# Homework Help: Minimum black hole mass to survive fall to event horizon

1. May 25, 2010

### cepheid

Staff Emeritus
I'm having no end of trouble with this seemingly simple problem:

1. The problem statement, all variables and given/known data

What's the minimum mass of a black hole for which you could survive a fall through the event horizon without being ripped to shreds? Why would you be ripped to shreds for smaller black holes?

2. Relevant equations

$$\textbf{F} = -G\frac{mM}{r^2}\hat{\textbf{r}}$$

$$R_s = \frac{2GM}{c^2}$$​

3. The attempt at a solution

Assume person of height h (= 2 m) can survive a tidal stretching force of 5mg over the length of his body (g being the acceleration due to gravity on Earth). Assume further that he is to be just barely surviving when his feet touch the event horizon.

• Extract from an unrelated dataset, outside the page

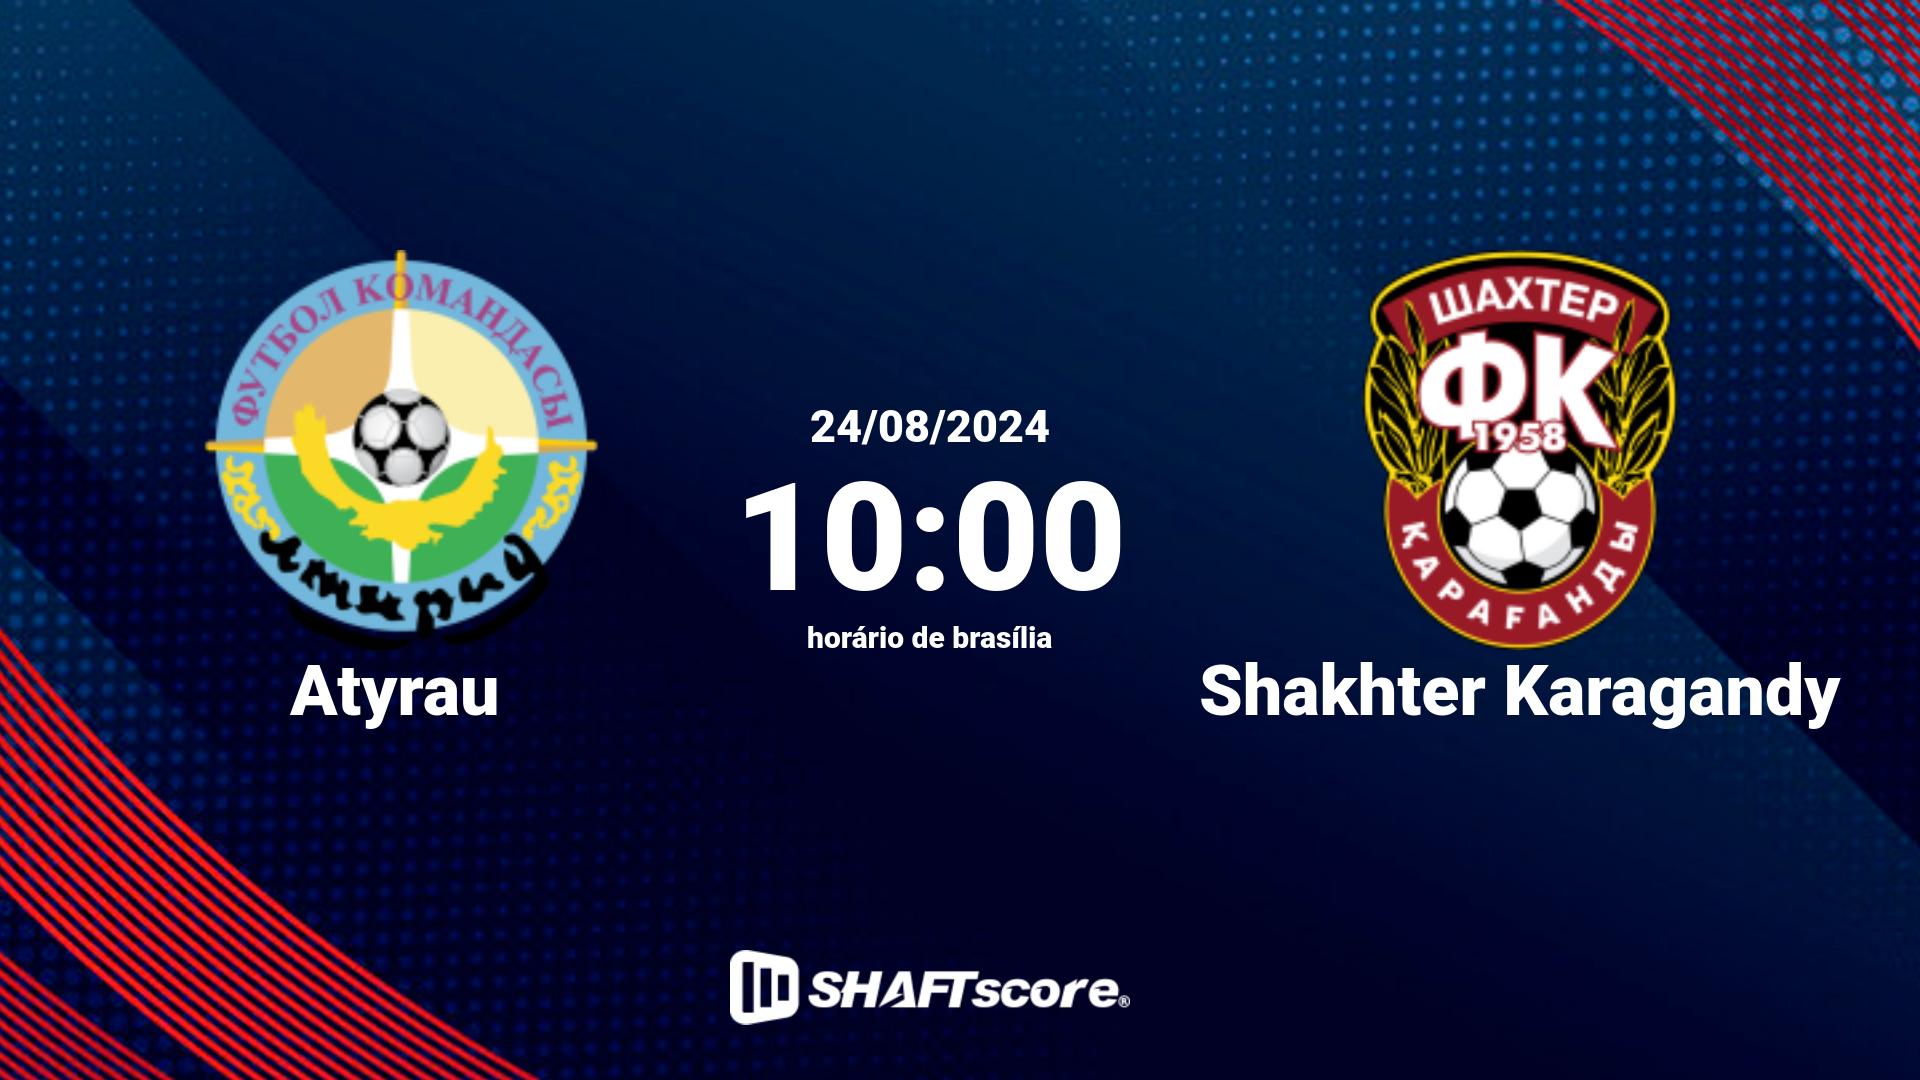 Estatísticas do jogo Atyrau vs Shakhter Karagandy 24.08 10:00

Then, the difference between the gravitational acceleration on his head and his feet should be:

$$\Delta a = -GM\left[\frac{1}{R_s^2} - \frac{1}{(R_s + h)^2} \right] = 5g$$​

When I try and solve this, I get some cubic equation:

$$\frac{c^2 h^2}{10g} = R_s^3 + 2R_s^2h + R_s\left[h^2 -c^2 \frac{h}{5g}\right]$$​

I spoke to other people who said they solved this easily and got something on the order of 104 solar masses as the lower limit. Have I done something wrong with my algebra (or worse yet, with the physics)?

2. May 25, 2010

### Redbelly98

Staff Emeritus
Without checking your math over, what if you assume h«Rs and drop all the small terms in your equation? (Then double check the h«Rs assumption after you calculate the final answer.)

3. May 25, 2010

### cepheid

Staff Emeritus
Yes, if you drop h2 terms everywhere, as well as dropping one rh term when it appears added to an r2 term, you get the same expression as you do if you approximate the change in force by:

$$\Delta F = \frac{dF}{dr} \Delta r$$​

I got a result of M >= 20 496 solar masses, which corresponds to a Schwarzschild radius of 60 536 km (much greater than two metres!).

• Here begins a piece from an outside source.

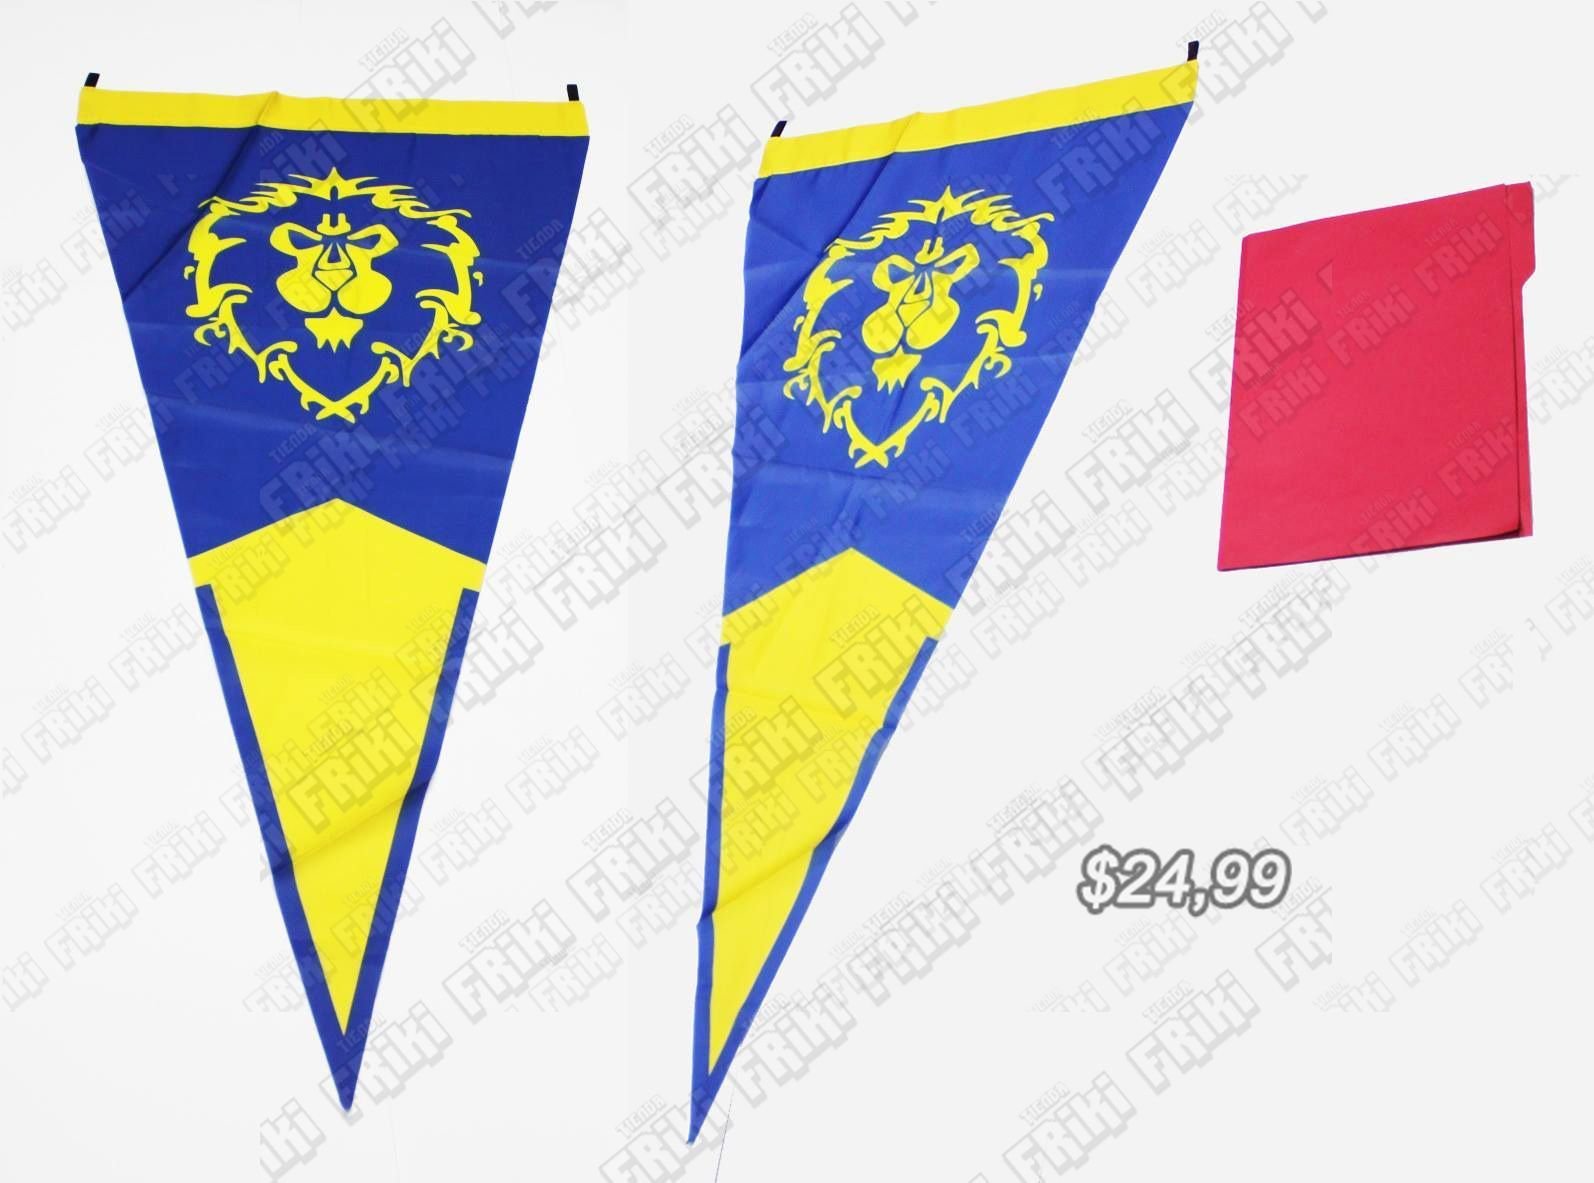 Bandera Videojuegos World of Warcraft Alianza Ecuador Comprar Venden, Bonita Apariencia comodo, practica, Hermoso material de poliester Color amarillo y azul Estado nuevo

Thanks for the tip. Also, I noticed that dropping h2 terms is equivalent to Taylor expanding (r + h)2 to first order.

4. May 26, 2010

### Redbelly98

Staff Emeritus
Cool, and I get the same Rs as you. (Didn't check the mass calculation.)

5. May 26, 2010

### stevebd1

I used the following equation for tidal forces-

$$dg=\frac{2Gm}{r^3}dr$$

set dg=5g where g is Earth's gravity, r=rs where rs is the Schwarzschild radius $(r_s=2Gm/c^2)$, dr=2 and solved for m, the answer I got was 20,495 sol.